Interestingly, Bennett doesn’t remember being at the NRA to negotiate the terms of the agreement and thinks it might have been handled over the phone “quite expeditiously,” in WaPo’s words. The more pro forma the process was, the more likely it seems this was a nuisance settlement and not some blockbuster allegation that made NRA lawyers scramble. That’s the good news for Cain; the bad news is that Bennett might be right about him having already breached the confidentiality agreement by publicly discussing specific details of the charges. Any employment lawyers care to weigh in on that? After yesterday’s endlessly evolving storyline about whether and when Cain knew about the settlements (click this link and cringe), I’m not even sure that he signed the agreement. Can you breach a contract whose terms you don’t know and to which you’re not a party?
His PAC is now fundraising off of this story, by the way, alleging that it’s another “high-tech lynching” of a black conservative. According to Mark Block, the campaign itself had its biggest day yet online yesterday, raising more than $250,000. I sure hope he’s innocent; if he’s letting blue-collar supporters show solidarity by plowing hard-earned money into his coffers when he knows there’s more to this story than has come out, it’d be a disgrace.

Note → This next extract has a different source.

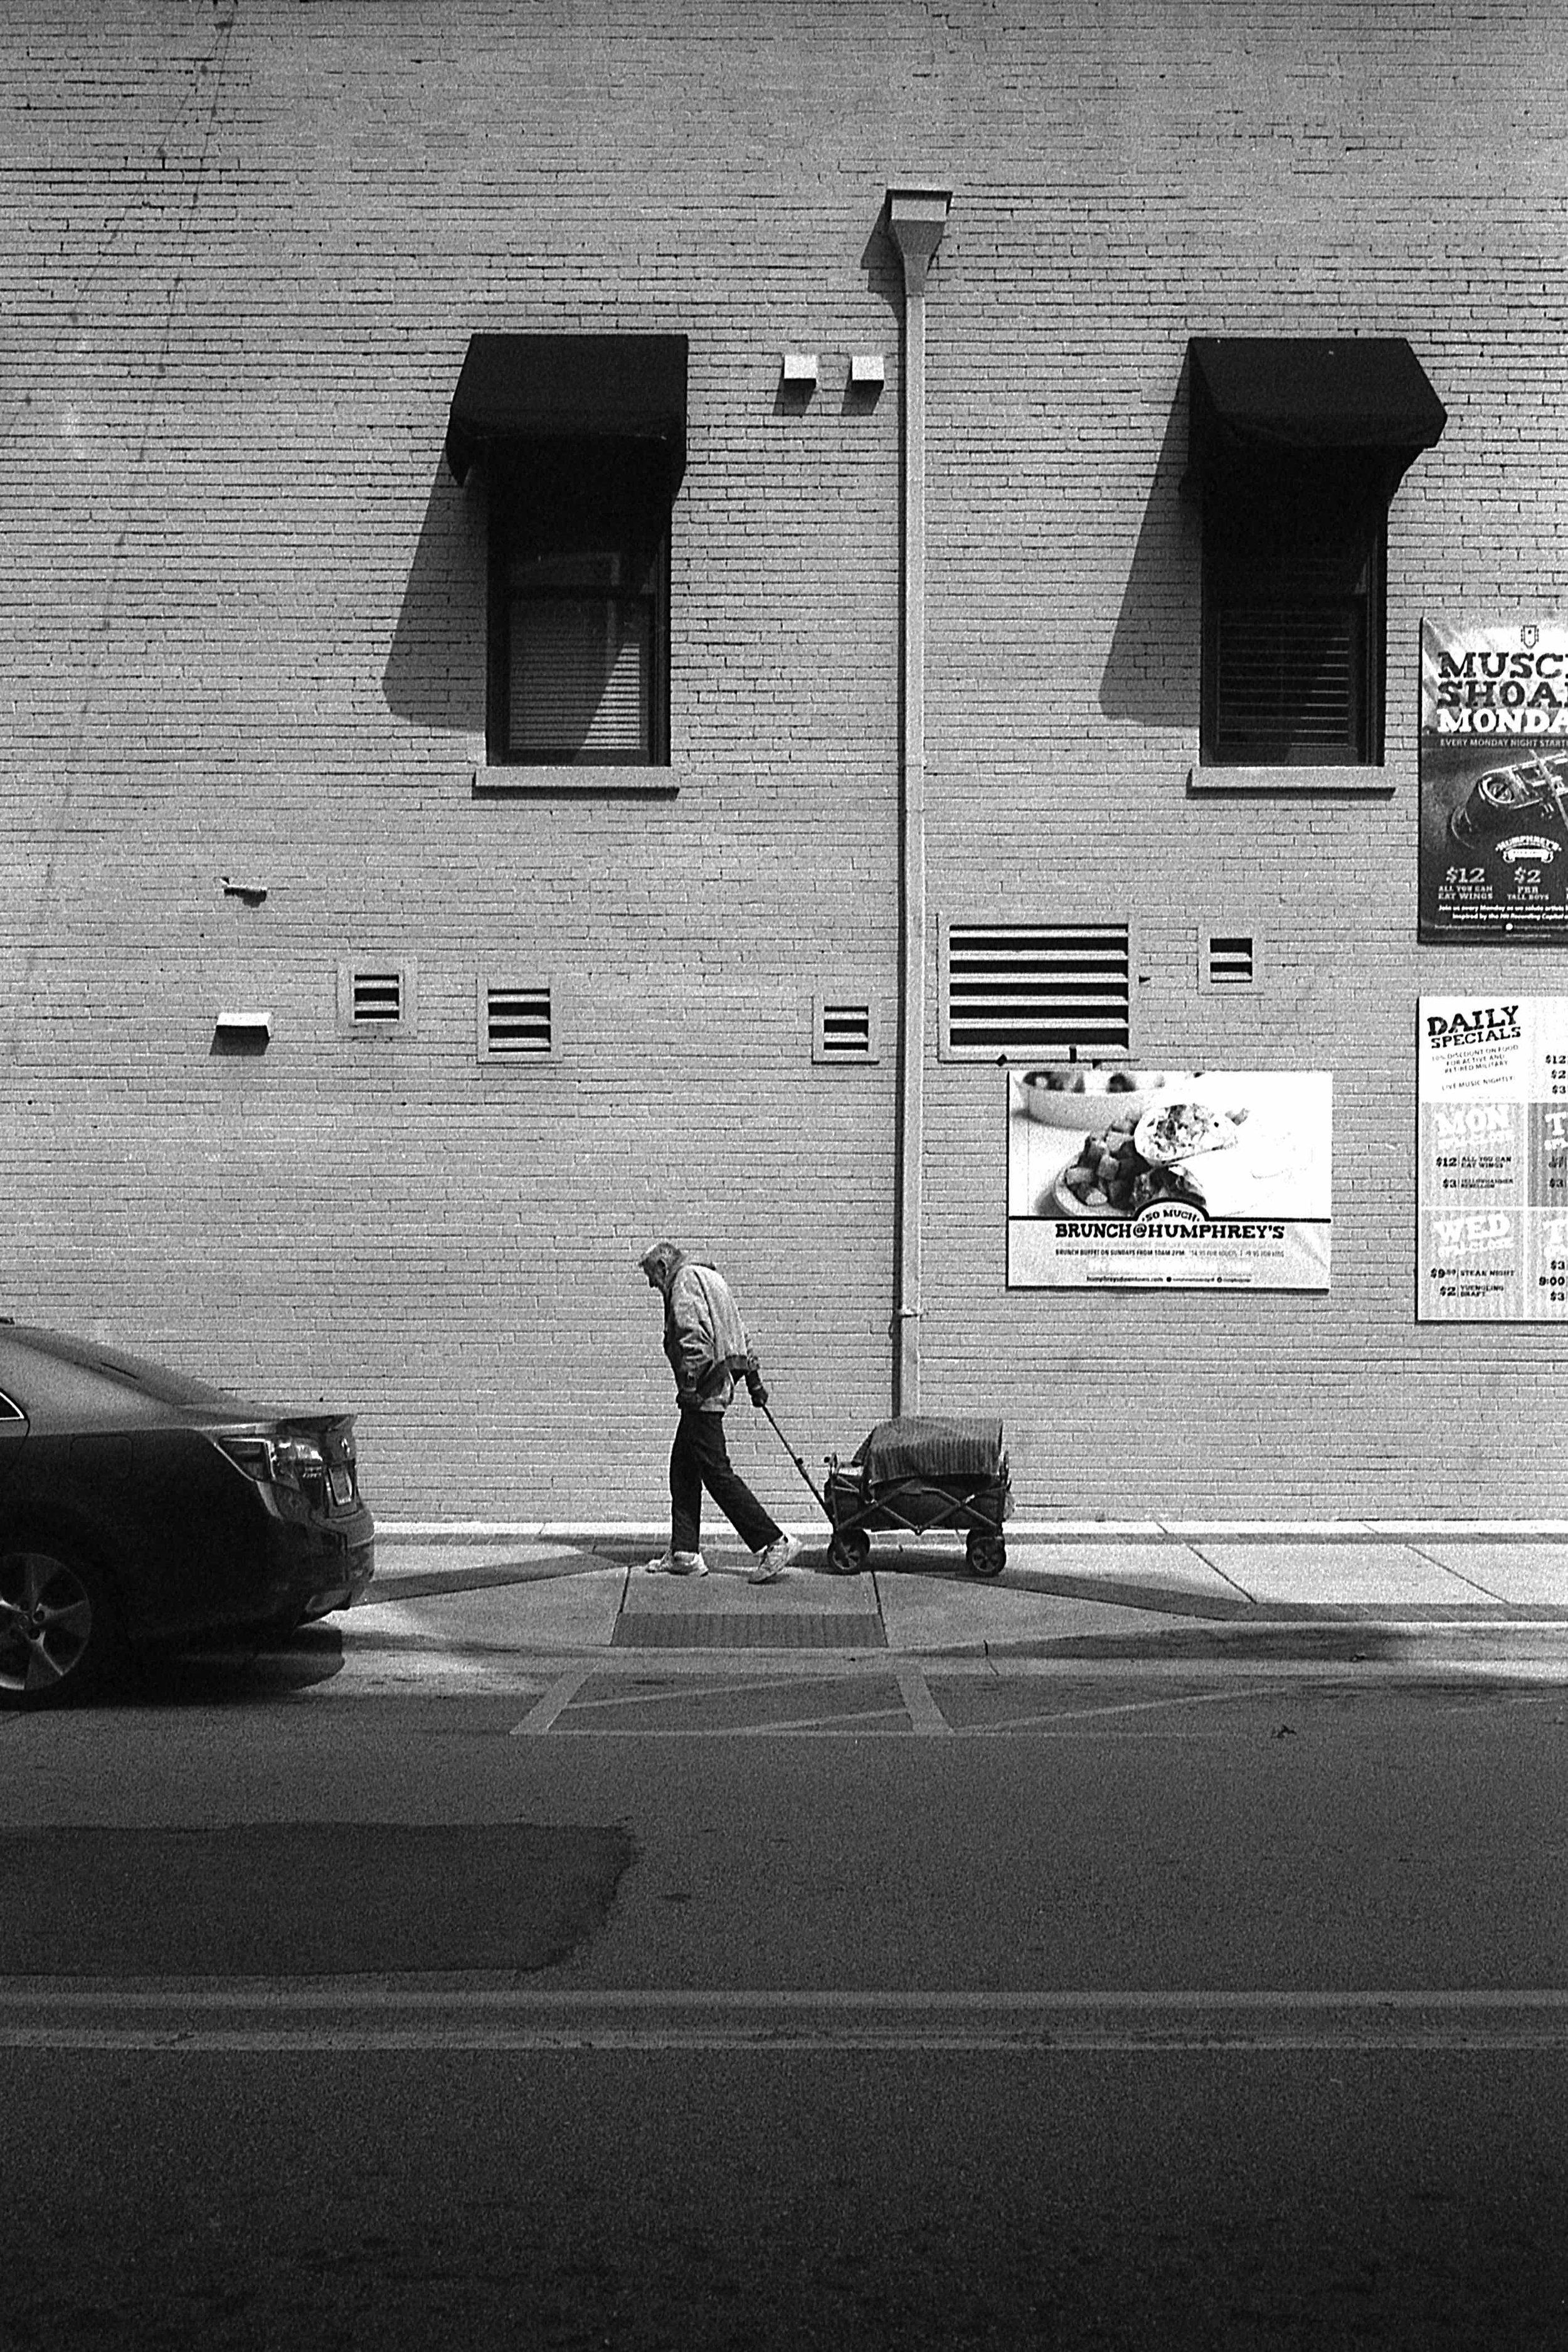 Matt Pittman / Fomapan 400 / Leica M7 / Huntsville, AL

Exit question via Conor Friedersdorf: The conservative knock on Romney is that he’ll get rolled by Democrats as president because he stands for nothing. There are no ideological red lines he’ll refuse to cross because, allegedly, there are no ideological red lines for him in the first place. Isn’t Cain in a similar position, though? In his case it’s not a lack of principle that’s the problem, it’s a lack of policy expertise. He frequently hedges his answers by emphasizing that he’ll rely on “experts” and thorough briefings as president to make sound, informed decisions. (He actually deferred to his economic advisor on a question about 9-9-9 yesterday at the National Press Club). But as Friedersdorf says, the more you let experts fill in the policy blanks for you, the more power those experts have to subtly shape your policy decisions. It’s not the same problem as Romney’s — the worry there is that Mitt will be influenced by Democrats, not his own advisors — but it’s a problem if you’re someone who frets about the corrupting effect of the Republican establishment. A lot of those experts and advisors will come from the establishment. How confident are you that Cain will tell them no when they’re pushing him, replete with carefully selected “facts,” to make some deal that’s bad for the right?
Update: Cain was on “Special Report” tonight and was pressed by Bret Baier on whether the confidentiality provisions should be waived. His answer, via the Corner:
“I can’t answer that now because there are legal implications,” Cain told Fox News regarding the Washington Post article that the woman would like to speak. “If the restaurant association waives that [confidentiality agreement] … I just found out about this today. There are legal implications associated with that that I’m not totally familiar with yet, so I can’t give you a definitive answer on that until we consult with our legal attorneys and also talk to some others. We can’t answer that right now. It’s too soon.”
Cain said he was “absolutely” certain he had not violated his side of the confidentiality agreement because he had not named the women involved…
In response to whether he thought his being a black conservative was related to the charges coming out, Cain said, “I believe the answer is yes, but we do not have any evidence to support it.”
He also said he should have been “better prepared” to deal with the story when it broke.